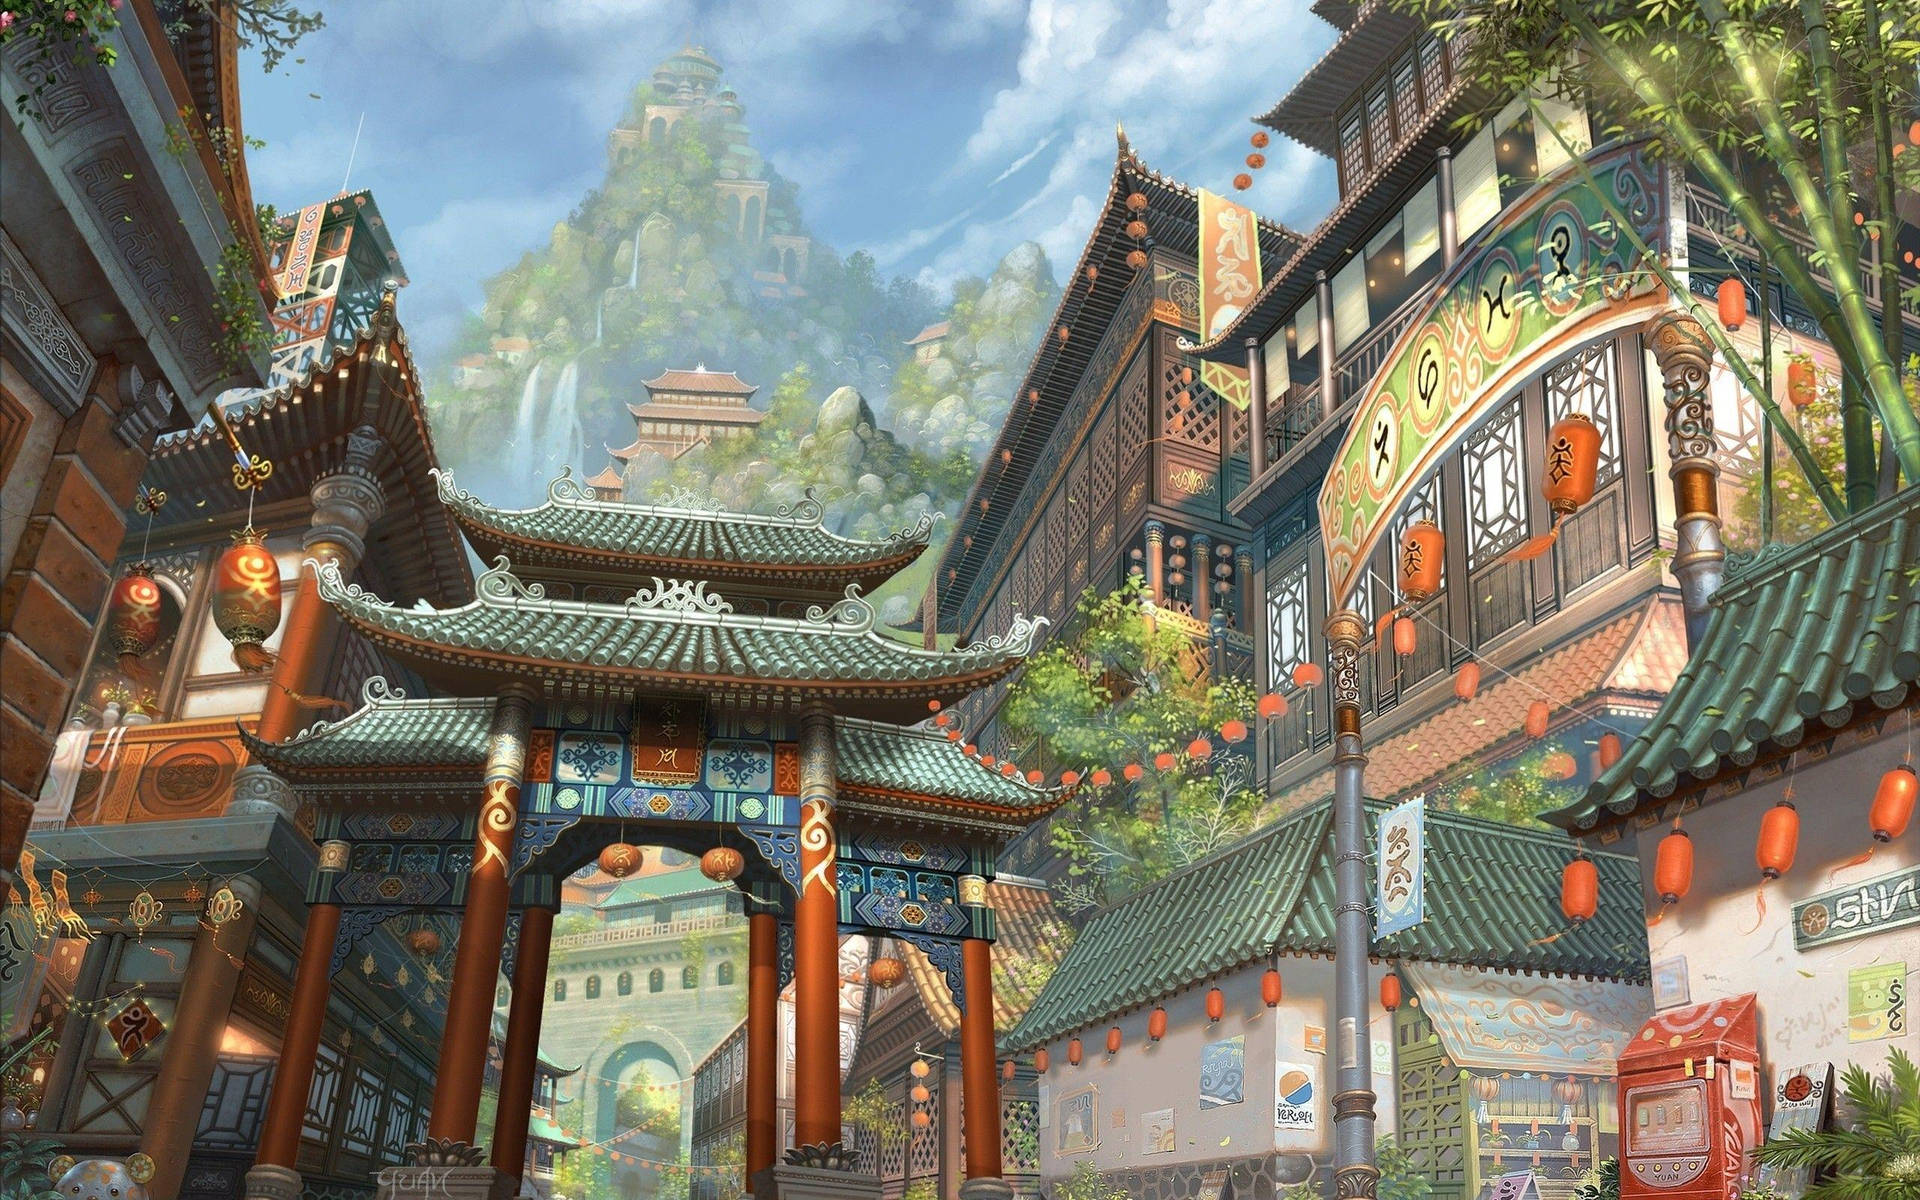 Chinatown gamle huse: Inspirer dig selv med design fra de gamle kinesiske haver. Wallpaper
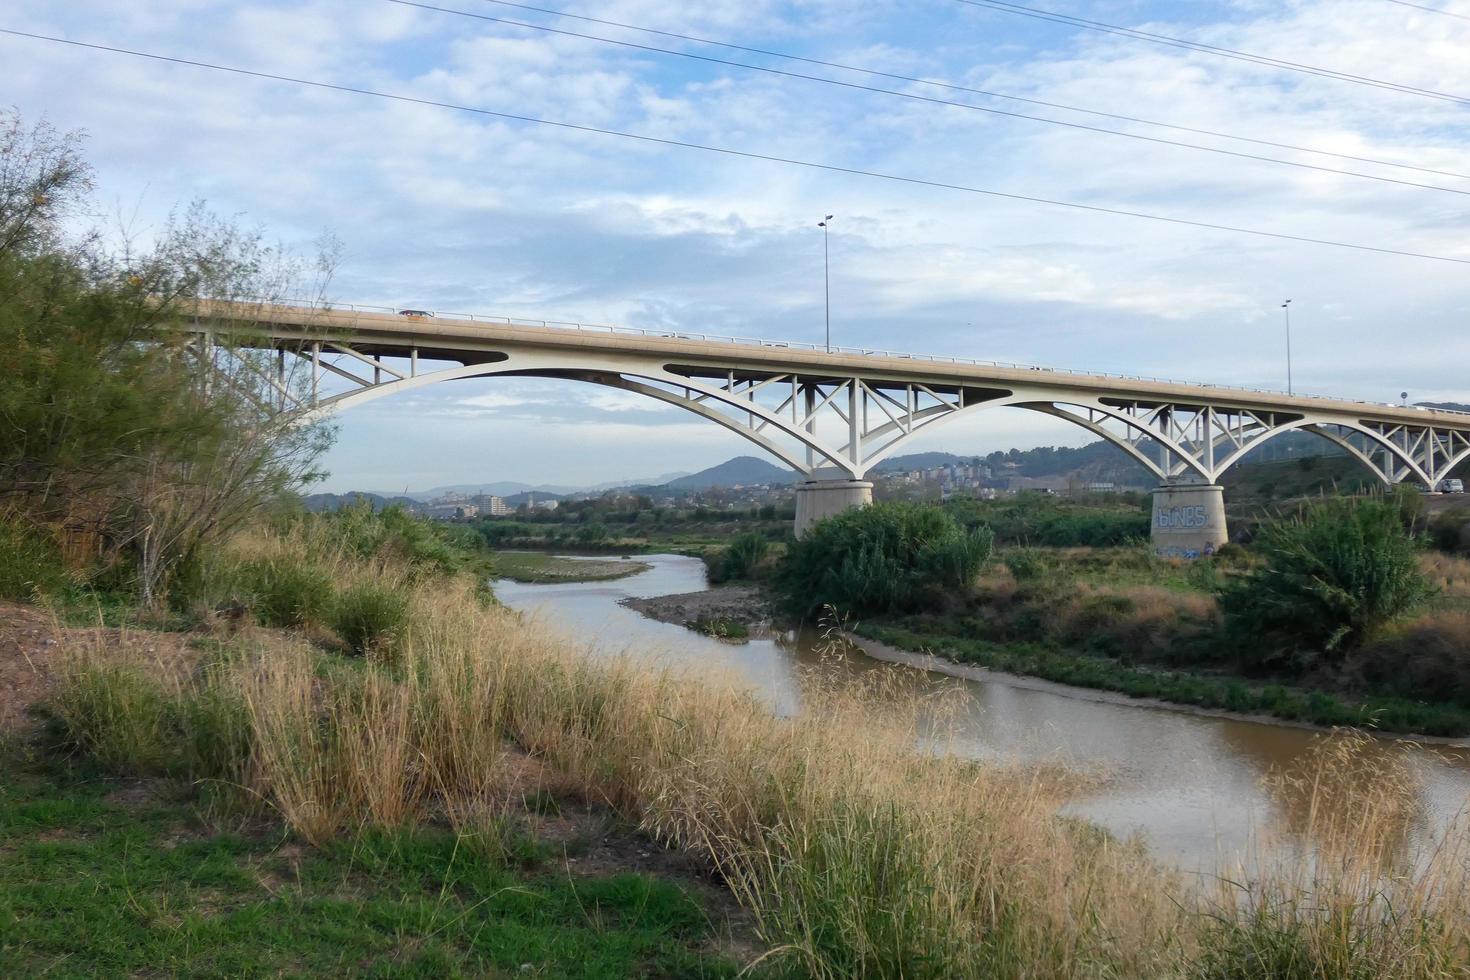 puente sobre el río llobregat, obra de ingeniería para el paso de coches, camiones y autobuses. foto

--

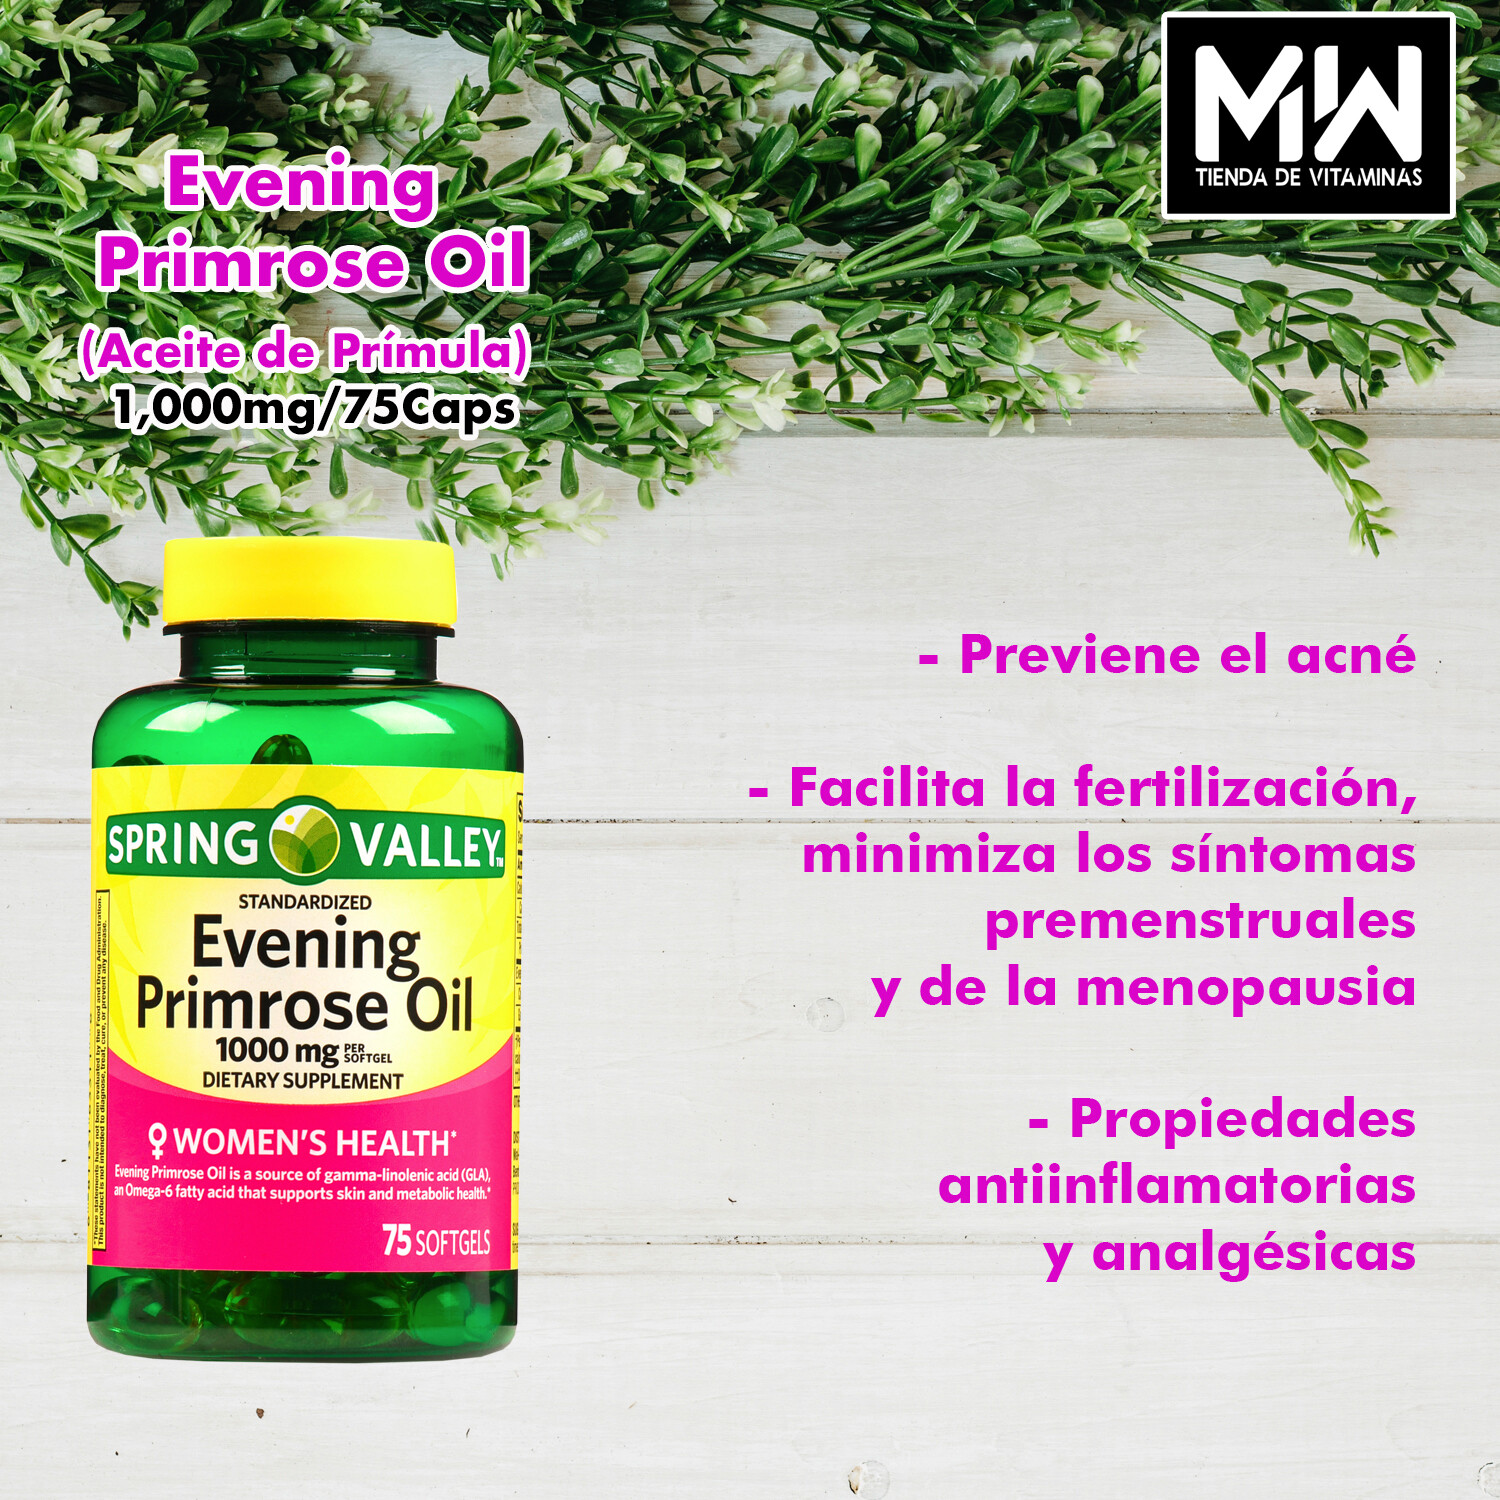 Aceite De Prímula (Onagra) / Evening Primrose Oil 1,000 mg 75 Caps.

==

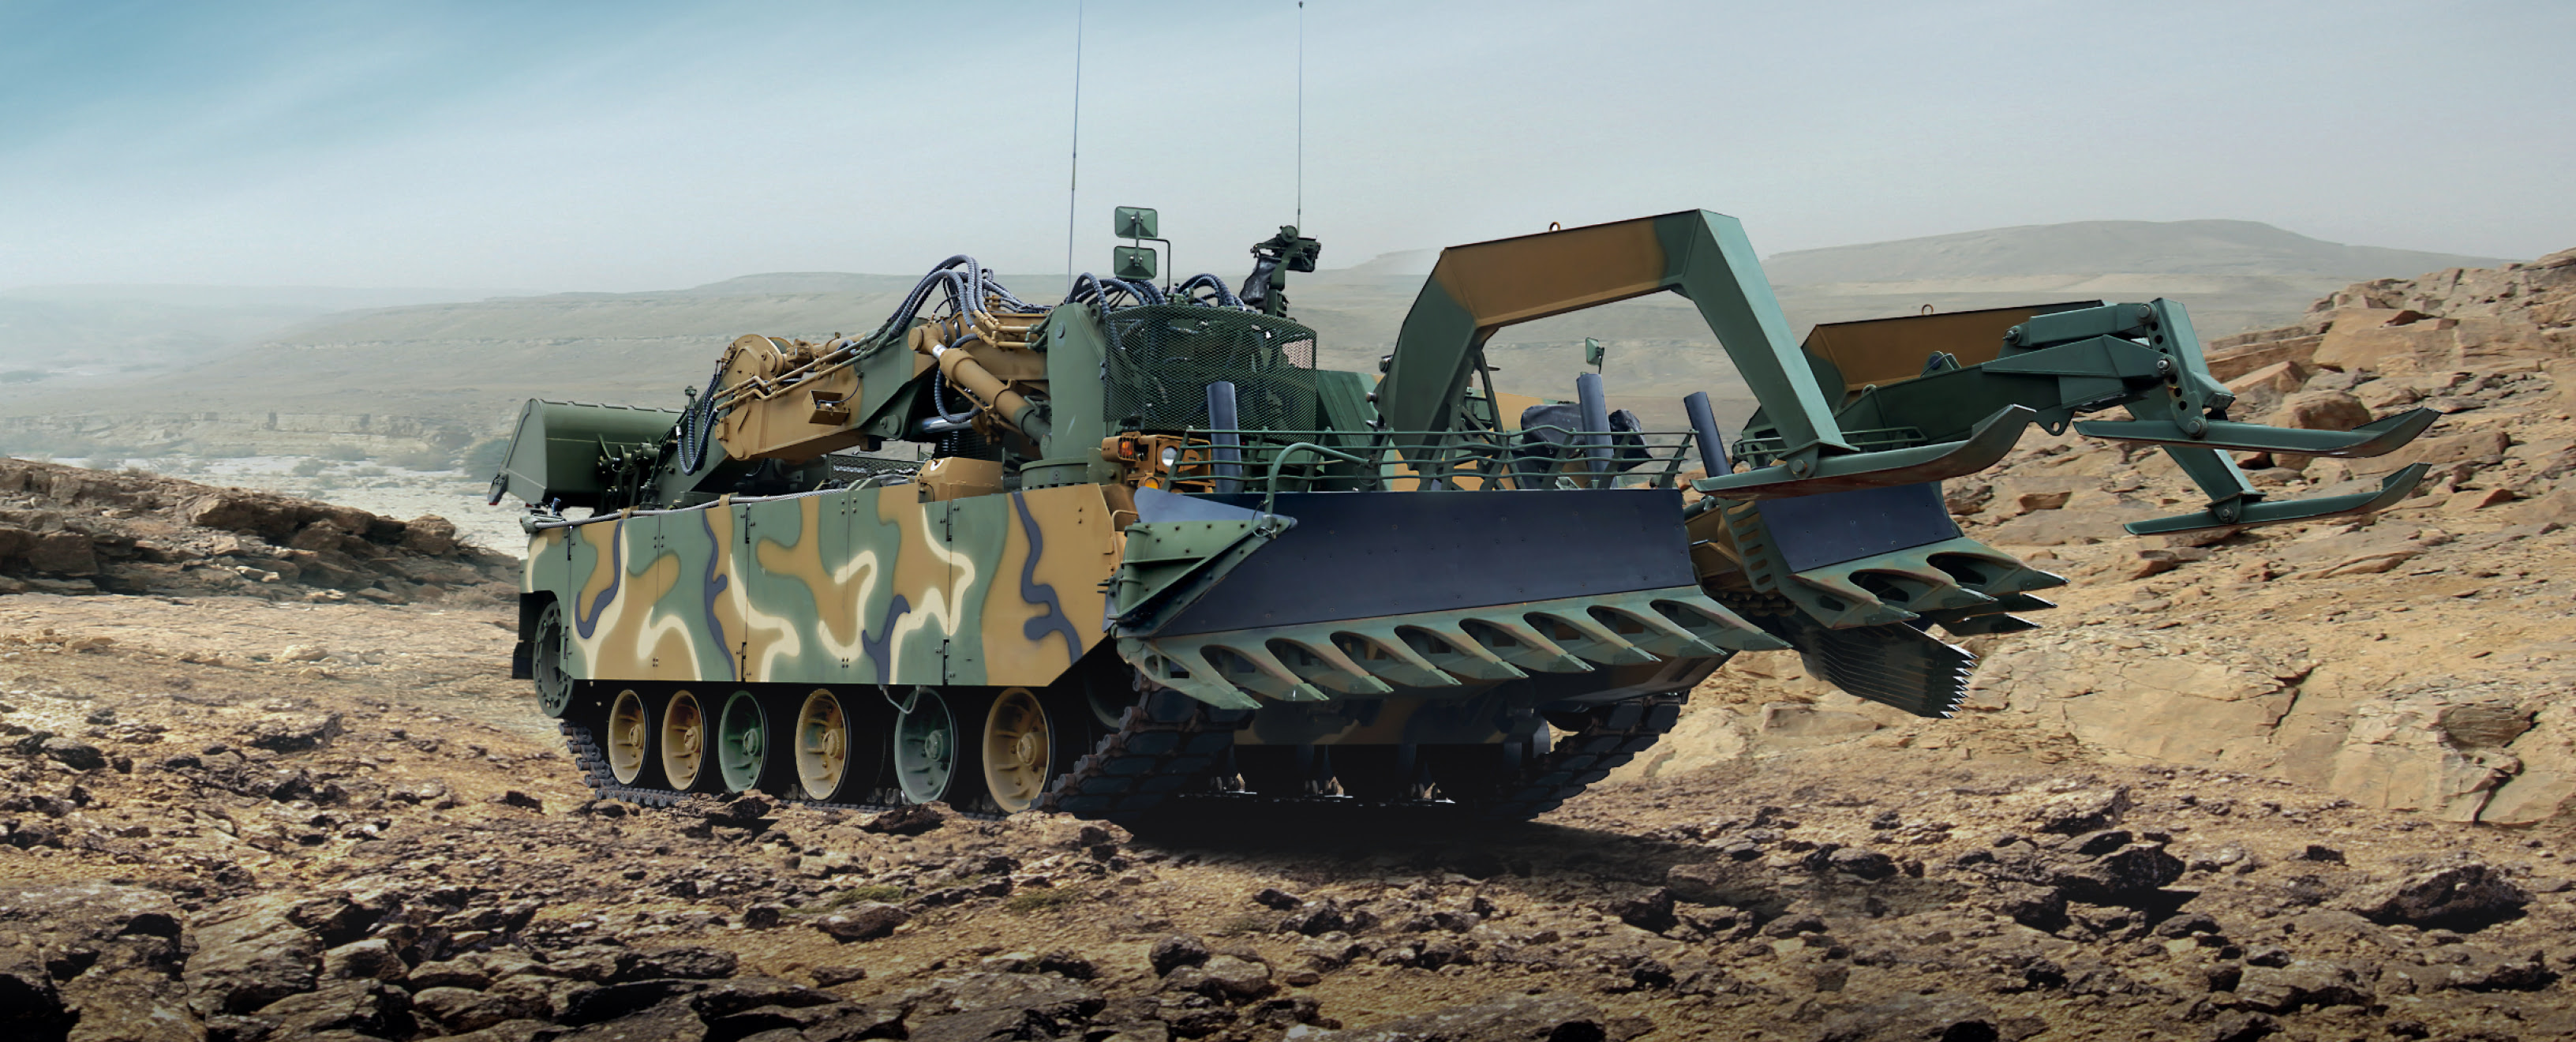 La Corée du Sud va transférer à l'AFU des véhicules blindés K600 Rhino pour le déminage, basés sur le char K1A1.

Requirement
Set down, exactly as written above, each line from the one with "Chinatown gamle huse: Inspirer" through the one with "puente sobre el", and skip the pictures.

Output
 Chinatown gamle huse: Inspirer dig selv med design fra de gamle kinesiske haver. Wallpaper
 puente sobre el río llobregat, obra de ingeniería para el paso de coches, camiones y autobuses. foto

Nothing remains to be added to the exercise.